25/04/2025

Mortelle course au merveilleux, Jn 20 (2ème dimanche de Pâques)

L'incrédulité de Thomas sublimée par le tableau du Caravage

Les récits d’apparition ne sont pas des histoires merveilleuses qui prouveraient la résurrection. Il faut comme tous les textes, les prendre à la lettre pour n’être pas fondamentaliste. On comprend qu’ils sont une stratégie pour dire l’impossible et non un reportage en direct de l’intervention d’un Deus ex machina. Le miraculeux surnaturel ne rend aucune puissance à celui qui en a manqué lorsque son fils agonisait sur la croix. Dès le début du chapitre on est prévenu. Le disciple que Jésus aimait voit et croit. Mais que voit-il ? Rien, puisque le tombeau est vide. Que croit-il ? Pas grand-chose ; il rentre chez lui et on en reste là.

Madeleine ne sait pas qu’elle parle à Jésus même si elle a bien raison de le prendre pour le jardinier, celui des premiers matins du monde, qui nomme toute chose et l’appelle elle encore, mais elle seulement, par son nom : Maria. Son annonce aux disciples ne provoque rien. Il n’y a toujours pas de foi, si ce n’est celle de Madeleine.

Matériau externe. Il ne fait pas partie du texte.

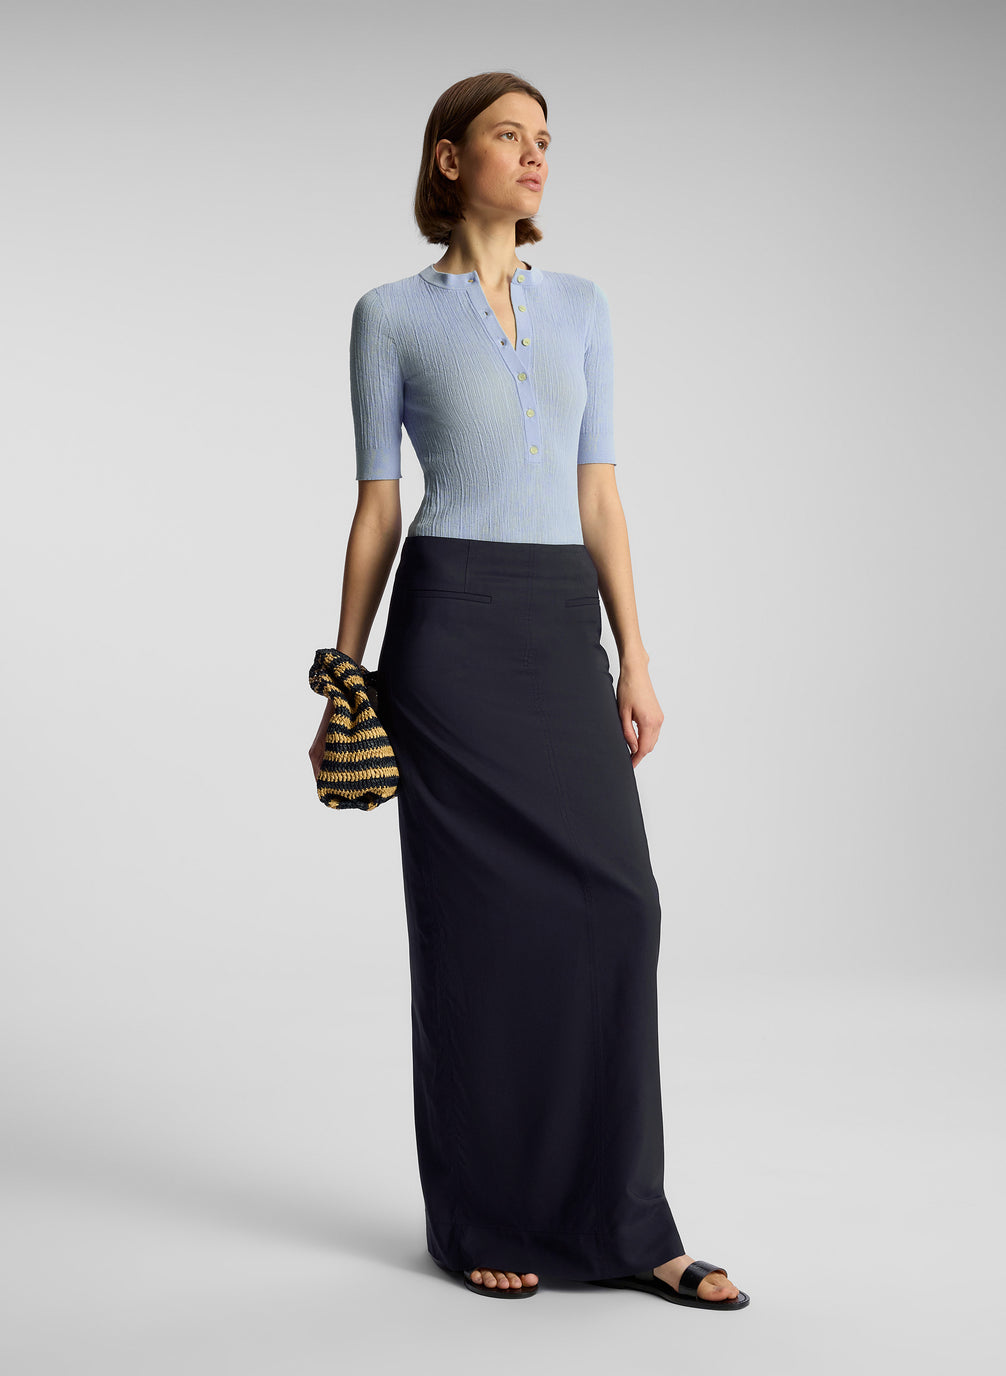 side  view of woman wearing light blue shirt and navy blue maxi skirt

Comment est-il possible de voir sans reconnaître celui avec qui, trois jours avant, on partageait encore le repas ? Si est heureux celui qui croit sans voir, ce chapitre ne peut pas raconter pas des visions ! Il se contredirait. Et d’ailleurs, qui croit dans ce texte ? Le mot n’est employé que pour Thomas, c’est tout dire. L’échec est total, croire, ce n’est pas voir.

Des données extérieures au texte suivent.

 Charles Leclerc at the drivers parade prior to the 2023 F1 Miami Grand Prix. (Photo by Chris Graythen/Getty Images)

L’apparition désigne une manière de voir la réalité, telle qu’on la découvre dans la confiance et l’amour. Avec ceux que l’on aime, quand on pratique la bonté, on voit autre chose. L’apparition n’est pas une vision miraculeuse, probante, car s’il y a preuve il n’y a pas de confiance. La preuve tue la foi. S’il y avait des preuves de la foi, ce ne serait pas la foi ‑ ce qui ne signifie pas l’irrationnel de la foi, mais sa gratuité et son caractère ab-solu.

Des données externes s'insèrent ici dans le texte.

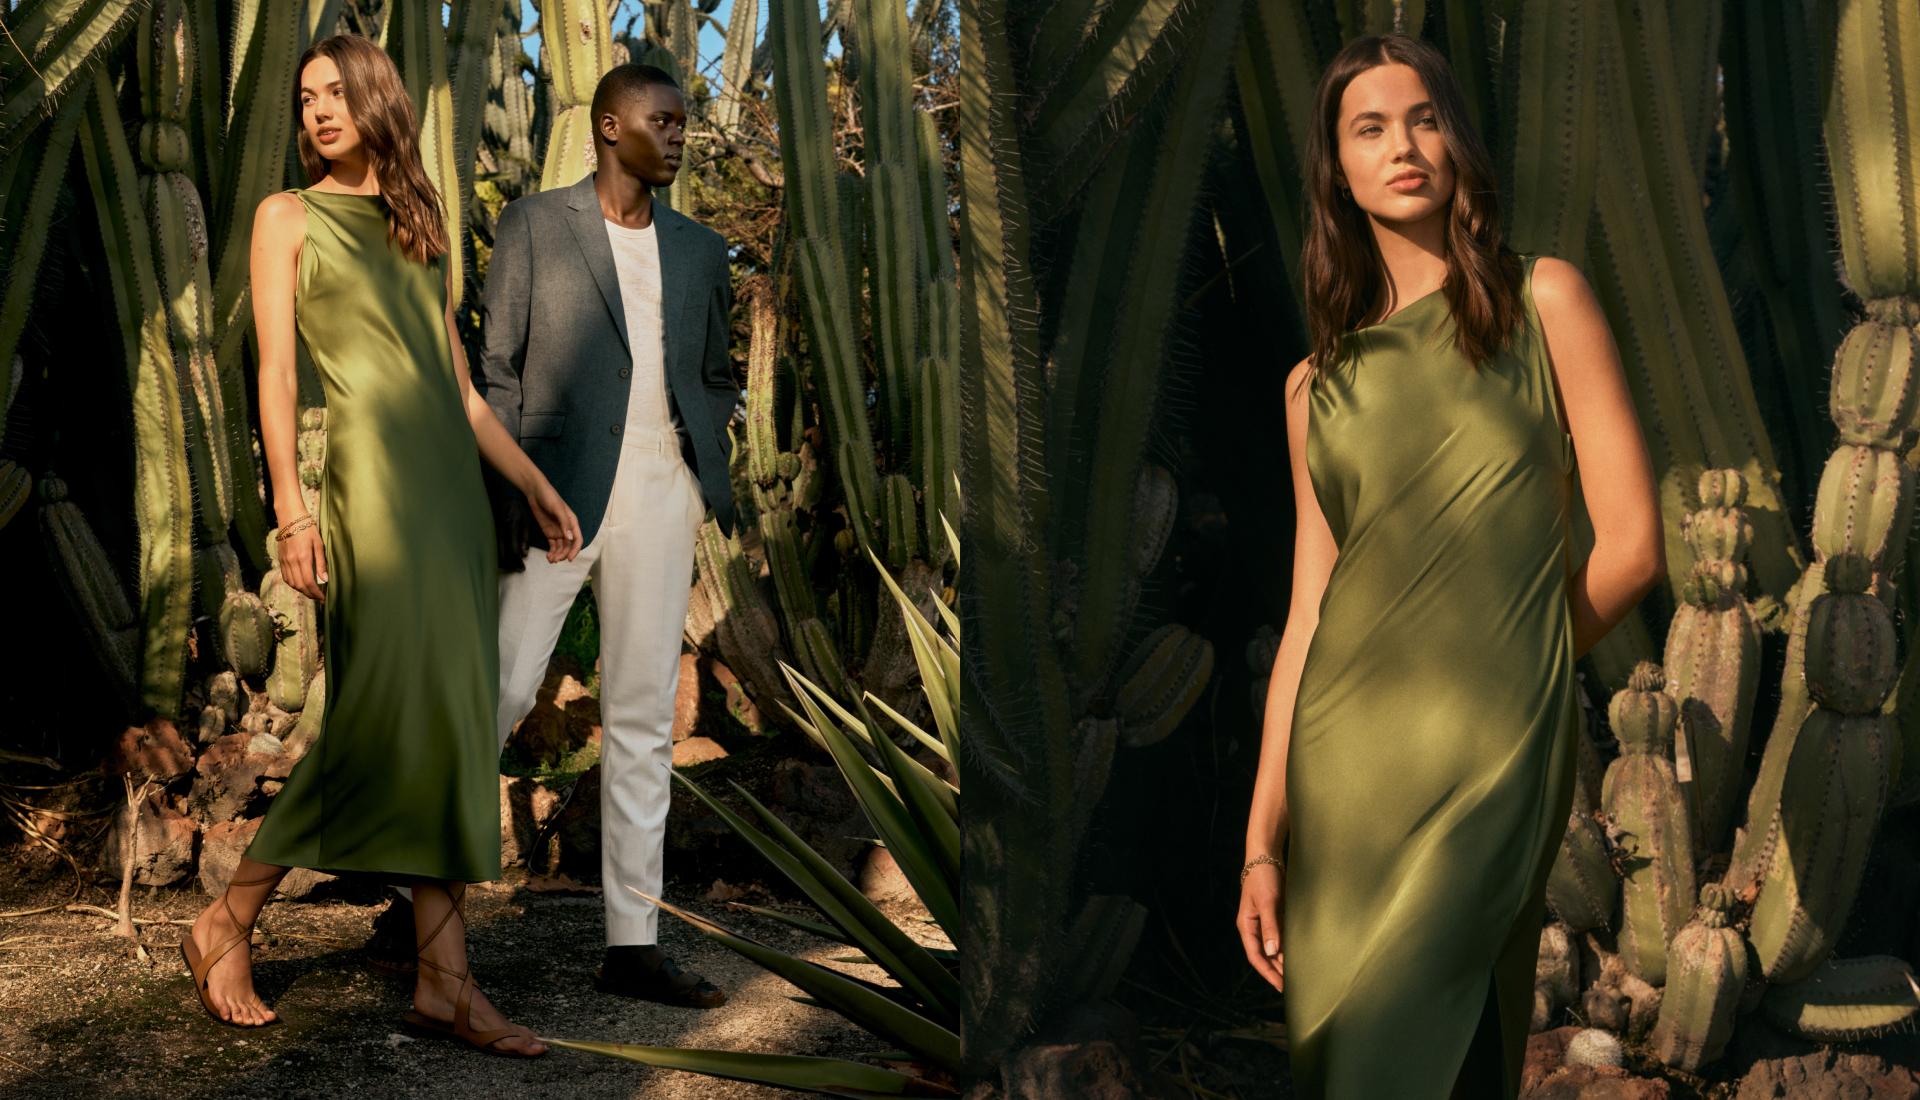 Sun-Soaked Celebrations. From outdoor weddings to high summer soirées, these styles were tailor-made for special occasions of all kinds. Shop Occasion

Le miracle n’est la preuve du divin que chez les païens superstitieux. Les magiciens de Pharaon ont le même pouvoir que Moïse à transformer leur bâton en serpent. Si le merveilleux étonne, il endort aussi. L’idolâtrie, hier comme aujourd’hui, c’est la confiance indue et arrachée en une solution miracle, en un homme providentiel. Rien de cela n’existe sous le soleil sauf à vouloir prendre des vessies pour des lanternes. C’est curieux comme l’on est porté à croire le merveilleux et à ne pas croire le frère dans l’ordinaire des jours.

C’est pour ne pas blasphémer qu’il est impossible de lire ces apparitions comme des miracles, des interventions de Dieu dans le monde. Si Dieu en est capable, qu’attend-il en Palestine, en Ukraine, dans la région des Grands lacs et la Corne de l’Afrique, au Tibet ou au Cachemire, etc. Il est trop tard quand l’enfant est mort de faim, quand la femme est violée, quand l’injustice triomphe. Soit Dieu peut intervenir et s’il ne le fait pas, comment pourrions-nous le croire, mettre en lui notre confiance ? Soit il ne le peut pas, et réclamer son action est blasphème, telles les moqueries à la croix : « sauve-toi toi-même si tu es le fils de Dieu ».

Il faut dire, sous peine de blasphème, que Dieu n’est jamais côté puissance, jusque dans la résurrection. Il se range parmi les victimes et ne cessent d’agoniser avec elles. Ainsi, au plus profond de la fosse, une résurrection est possible. Notre rêve de le voir intervenir dénonce notre infantilisme à croire au Père Noël : Mon papa, il est gendarme !, rêve de toute puissance projeté dans le ciel. A moins que ce rêve ne dise que définitivement nous nous situons du côté des puissants, n’ayant rien à faire de qui meurt écrasé.

On comprend l’importance du récit sans et avec Thomas qui vient assurer qu’ils n’ont rien vu. « Heureux qui croit sans avoir vu. » Et le texte déjoue encore la matérialité tout en affirmant la résurrection de la chair, matière humaine. Le corps se joue des huis ! Les repas partagés sont parabole du Dieu Père, banquet eschatologique.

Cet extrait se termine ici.